His case eventually landed before the Georgia Supreme Court, which narrowly voted to uphold the law. The standard was struck down by a divided 11th Circuit panel last year, but the full court pulled an about-face on Tuesday after hearing oral arguments in February.
The decision, written by Judge Frank Hull, said when the U.S. Supreme Court outlawed the execution of mentally disabled offenders in 2002, the justices were careful not to set rigid guidelines for who meets that definition. Instead, the court empowered each state to develop “appropriate” standards for determining who was actually mentally disabled.
Even if Georgia “somehow inappropriately struck the balance” when it adopted its standard, Hull wrote, only the U.S. Supreme Court can overturn the state’s law. And so far, she noted, the high court hasn’t weighed in.
“We do not decide whether Georgia’s burden of proof is constitutionally permissible, but only that no decision of the United States Supreme Court clearly establishes that it is unconstitutional,” Hull wrote.
Hill’s defense attorney, Brian Kammer, said he would “absolutely” appeal the decision to the Supreme Court.
The opinion was met with a flurry of dissents. Circuit Judge Beverly Martin said the state law runs counter to the “Supreme Court’s longstanding recognition that death is different.” And Circuit Judge Charles Wilson argued the majority asked the wrong question and reached the wrong answer.
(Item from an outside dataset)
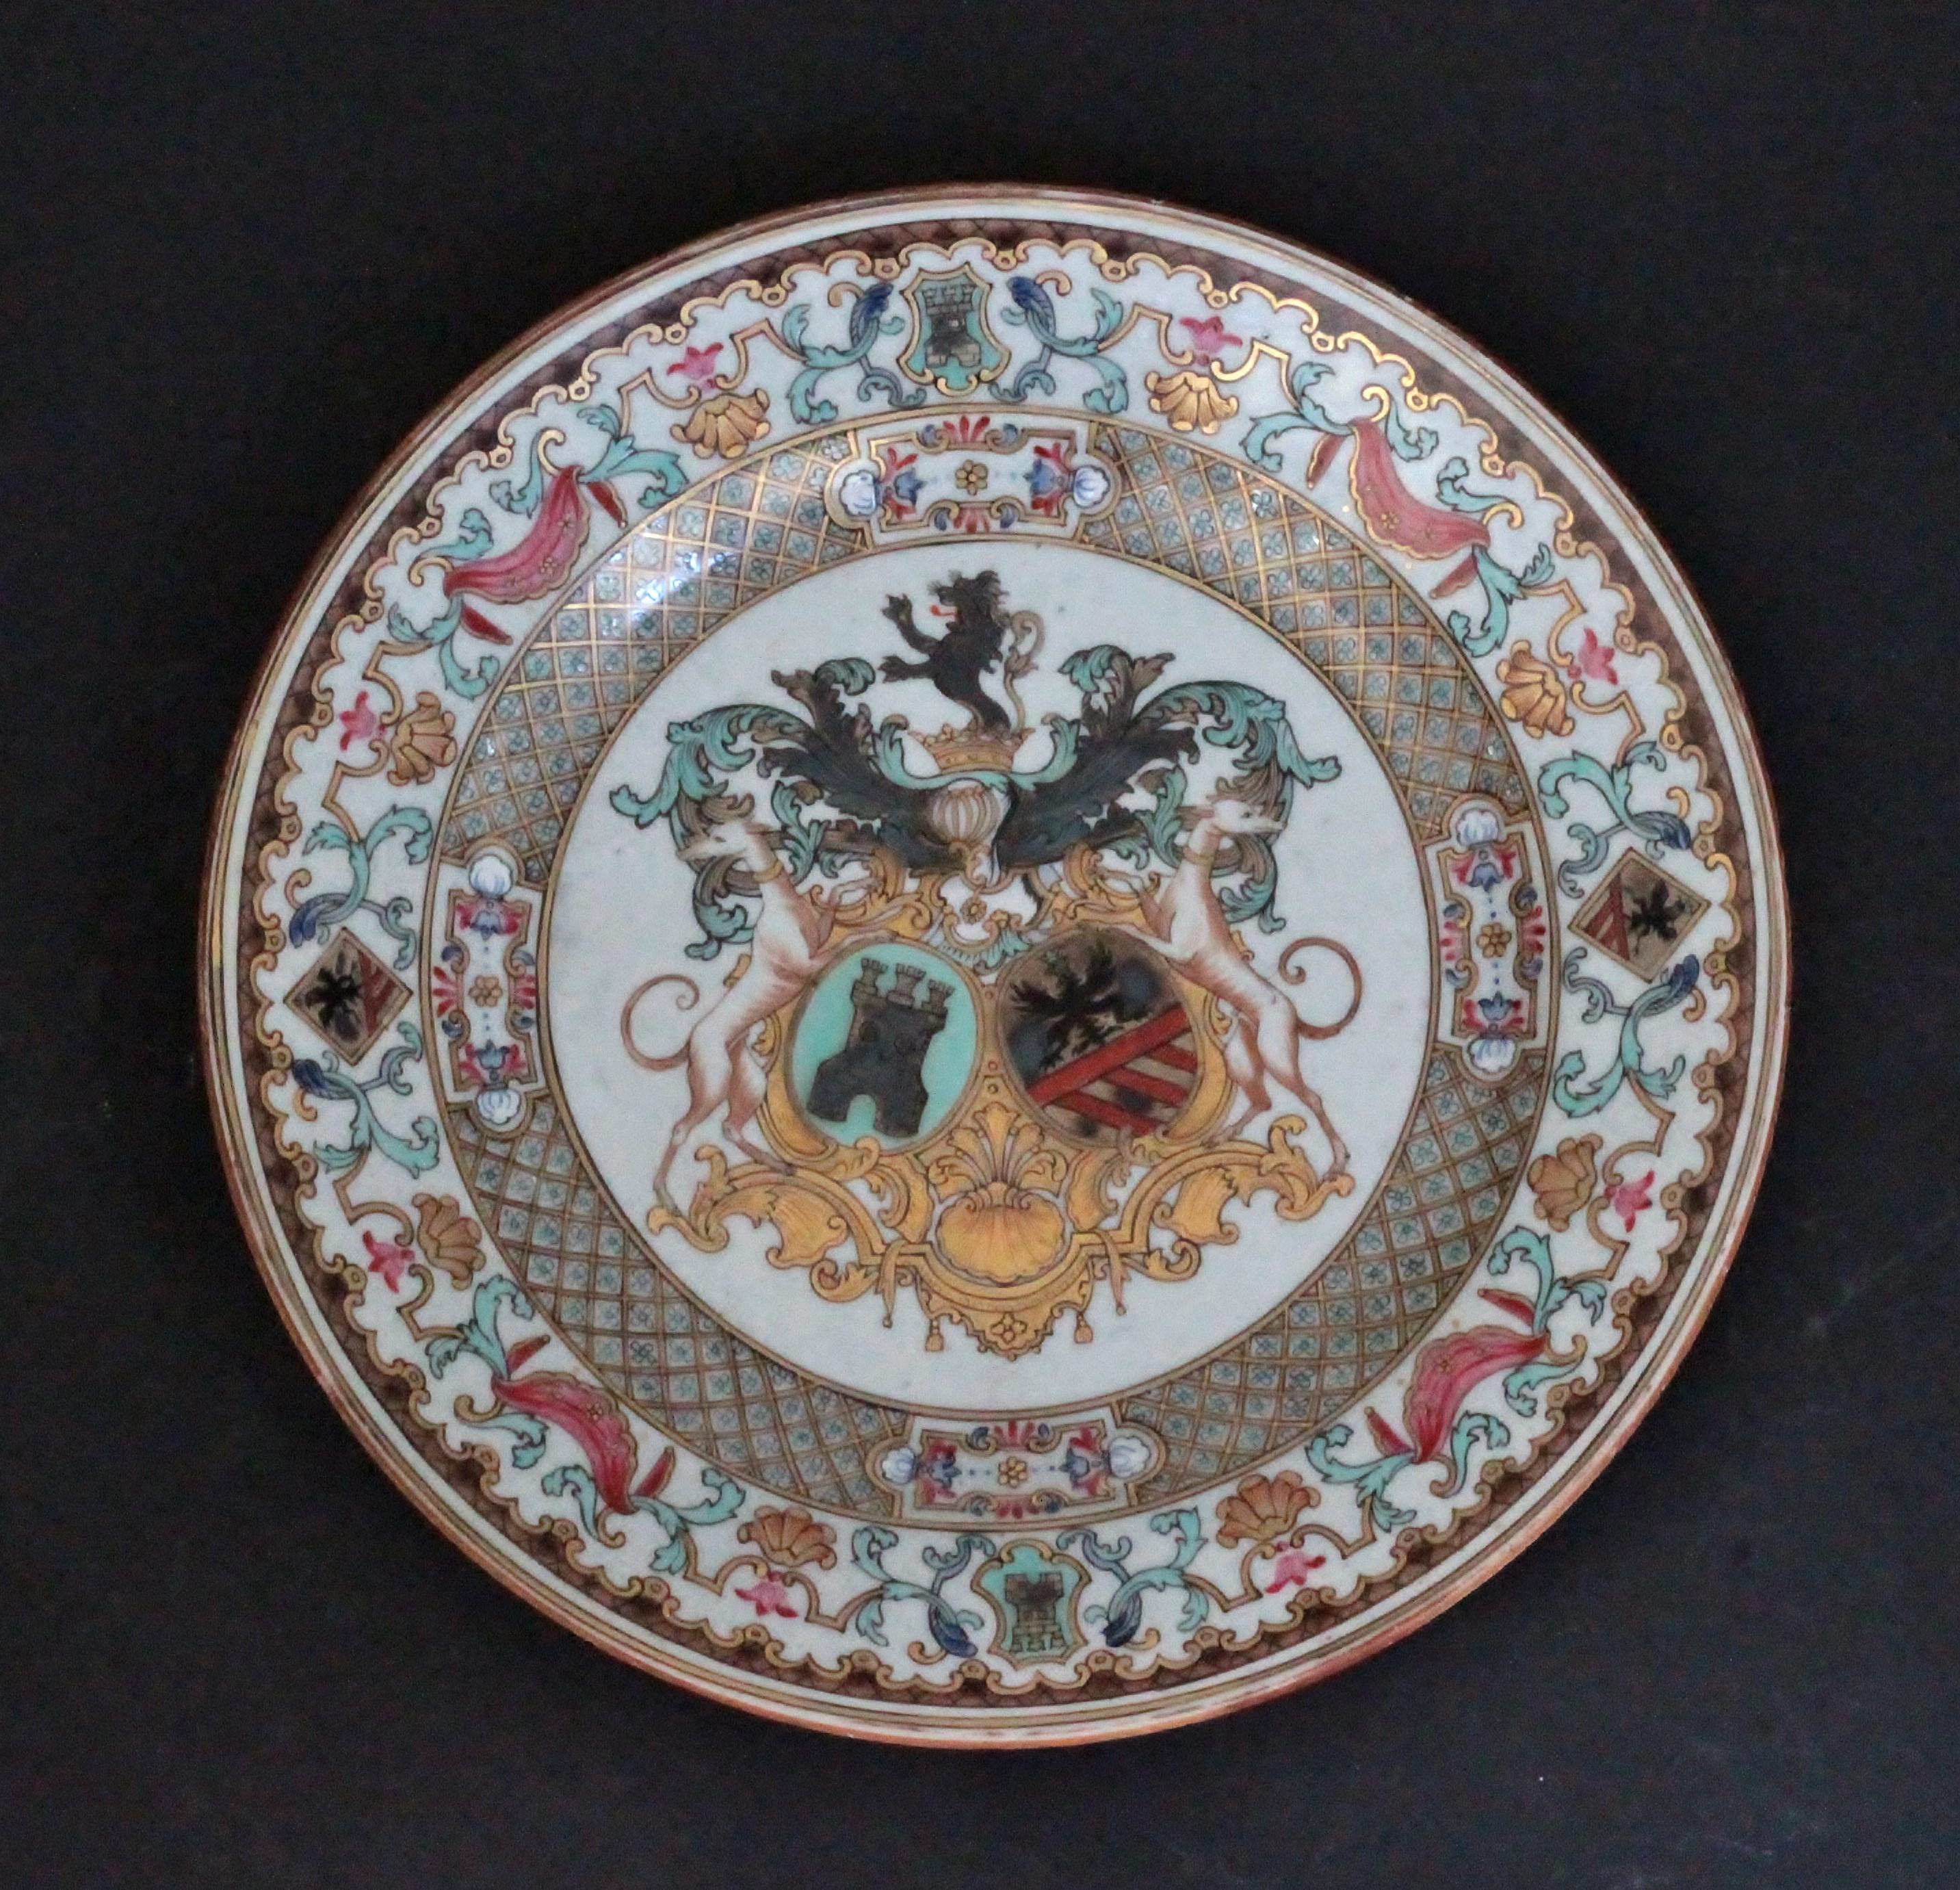 A large armorial plate in China porcelain decorated of Famille Rose enamels with double coat of arms of Bistrate-de-Proli, Belgian market. There are a lion and a greyhound, embellished in gilt and silver.
Yongzheng period (1723-1735), circa

“We are not asking what the constitutionally proper burden of proof is. We are not even asking what the constitutionally proper burden of proof should be,” he wrote. “We are simply asking what the constitutionally proper burden of proof cannot be. And it cannot be this.”
Barkett, in a dissent joined by Martin and Circuit Judge Stanley Marcus, noted Georgia’s unique history on the divisive debate. She said while Georgia became the first state in 1988 to ban executing inmates who have a mental disability, “it is the only one to guarantee precisely the opposite result” by requiring offenders to meet the strict standard.
“No state has the power to deny citizens any of their federal constitutional rights,” she wrote, adding that Georgia cannot “indirectly authorize the execution of mentally retarded offenders through a procedure that in practical operation accomplishes that result.”